The volumes created from shared cluster containers can be imported
and simultaneously accessed by all the nodes of the cluster.
Distributed databases, Clustered-File-Systems and any applications that
can coordinate safe access to shared volumes find this feature very useful.
EVMS allows the administrator to configure the local, private and shared
storage of all cluster nodes from any node of the cluster. This
feature makes it convenient for the cluster administrator to have a single
point of access, instead of juggling around all the cluster nodes to configure
storage.
Overall Architecture of EVMS with Cluster support:
Please refer to the EVMS architecture
document to understand the architecture of the basic EVMS without
cluster support.
The Cluster Segment Manager and ECE
provide additional
capabilities for EVMS to support the cluster feature set.
The following figure details the component interaction as viewed on
a single node of a cluster. The engine is a shared library that links
with the EVMS user-interfaces. To create or modify the local configuration,
the engine does not interact with the daemon. It accomplishes its job as
on a non-clustered machine.
However to create or modify cluster storage objects, it coordinates
the task among all the EVMS daemons running on all nodes of the cluster
The figure below provides a detailed view of the evms architecture as running
on multiple cluster nodes.
The Cluster Segment Manager has the responsibility of managing cluster
containers. It provides the capability to group together a set of shared
disks into a cluster container, assign ownership and enforce
the ownership policies on the cluster container.
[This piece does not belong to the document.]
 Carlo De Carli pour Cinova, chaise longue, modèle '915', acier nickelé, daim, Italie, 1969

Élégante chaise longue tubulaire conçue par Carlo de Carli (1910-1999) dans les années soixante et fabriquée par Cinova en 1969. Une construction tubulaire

It imports and
activates volumes residing on private cluster containers as well as
those residing on shared containers. In addition to this it
is also responsible for enforcing i/o fencing on the cluster containers
when a node looses quorum and resuming access when that node regains
quorum. In other words, the Cluster Segment Manager acts as a
gatekeeper to the shared disks, allowing i/o only when it is safe.
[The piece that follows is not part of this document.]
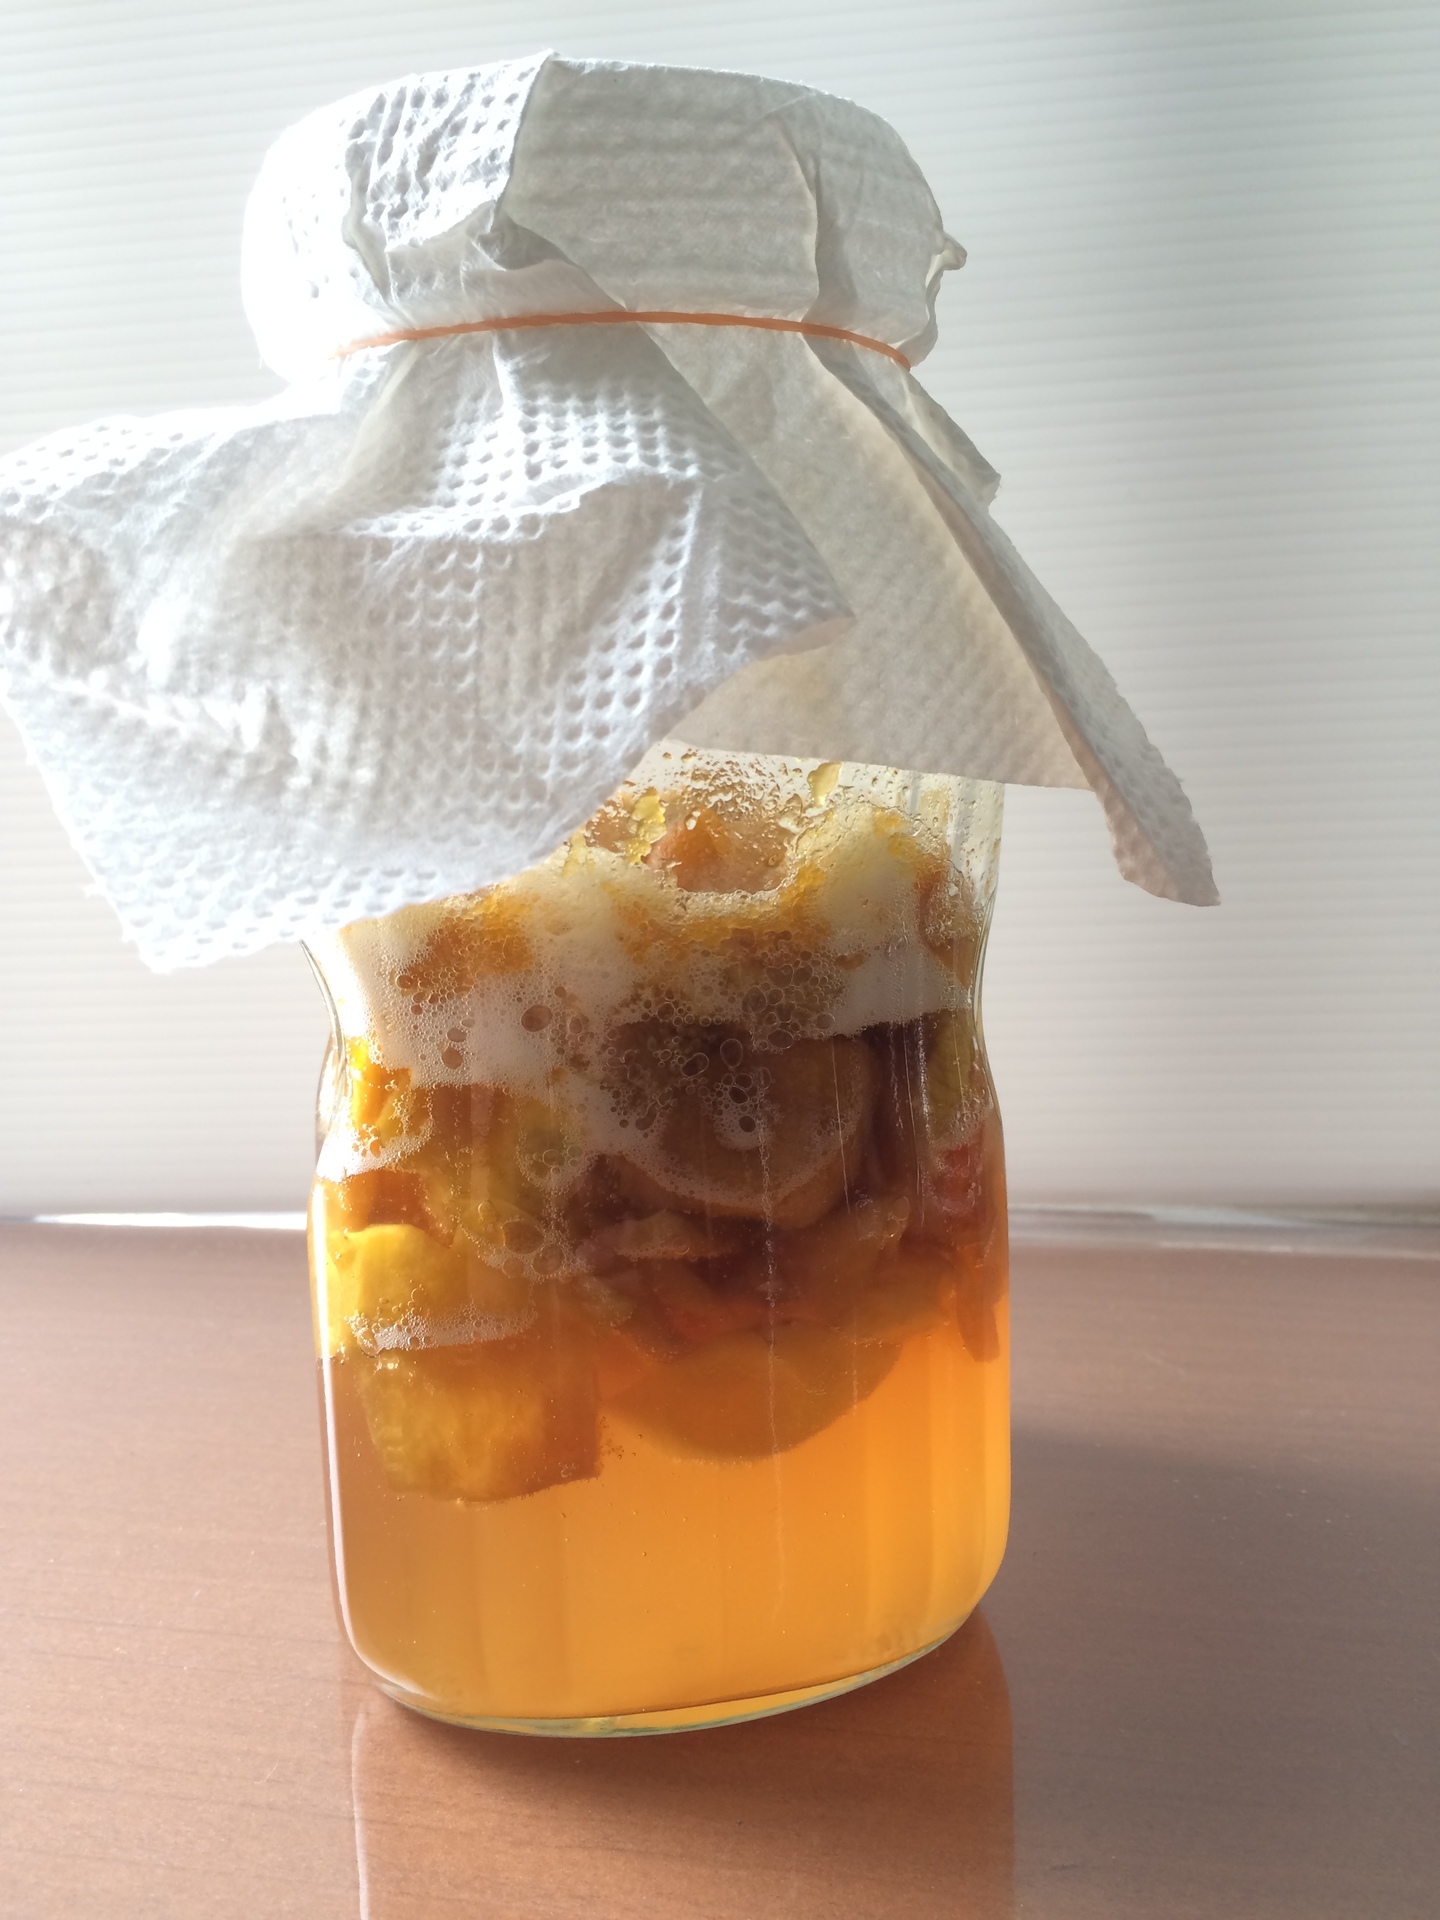 初めての梅仕事 ぷくぷく発酵した梅酵素ジュースをこし 梅の実は梅ジャムに うさぎと発酵
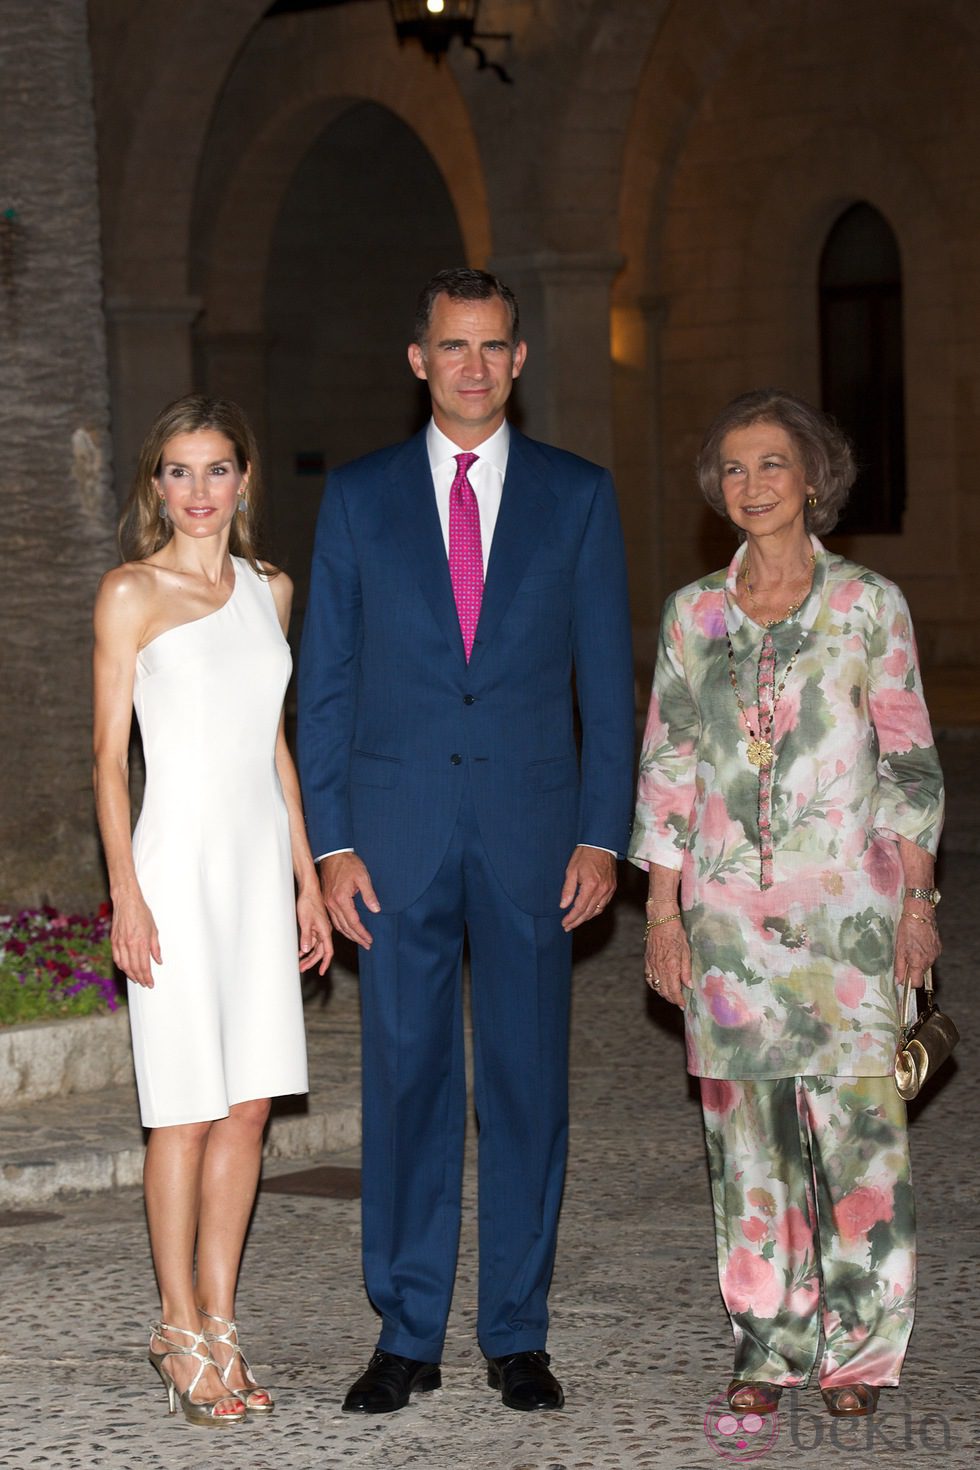 Los reyes Felipe y Letizia junto a la reina Sofía en la recepción de Mallorca

Cluster Segment Manager metadata format:
TO BE ADDED
The Cluster Manager Plug-in, also called the EVMS Cluster Engine (ECE),
acts as a conduit between the EVMS Engine and the Cluster Manager.
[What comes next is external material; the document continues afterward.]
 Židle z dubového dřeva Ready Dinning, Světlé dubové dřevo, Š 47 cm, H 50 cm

It transparently provides membership and messaging services to the
Engine through a standard set of published ECE APIs. In other
words, it acts as a gatekeeper for communication with other nodes of the
cluster. These interfaces are discussed in the
ECE API Guide.
EVMS Engine:
The EVMS Engine is the brain of the EVMS
volume manager. It's responsible for determining
which plug-in
to interact with in order to accomplish a task. Apart from the variety
of responsibilities that it handles, EVMS Engine also ensures proper
coordination with plug-ins on other nodes to ensure correct creation of
cluster containers and their corresponding objects.
EVMS Daemon:
The EVMS Daemon can be viewed as the EVMS engine
without the brain. It loads the relevant plug-ins and waits
for instructions from the Engine. In other words, it is a remote extension
of the Engine.
Cluster Manager:
Currently
EVMS supports the Linux-HA cluster manager. Support for IBM's RSCT
cluster manager will be available soon. EVMS depends on the following services
from the cluster manager.
Consensus membership and quorum:
Membership is the set of nodes that are actively
participating in the cluster from a given node's point of view. This membership
semantic leads to confusion, because different nodes in the cluster may
have different views of the membership. Consensus membership is
the membership agreed upon by all the members. Network failures
can lead to cluster partitioning. In a partitioned cluster, there can be
multiple partitions each having their own consensus membership view.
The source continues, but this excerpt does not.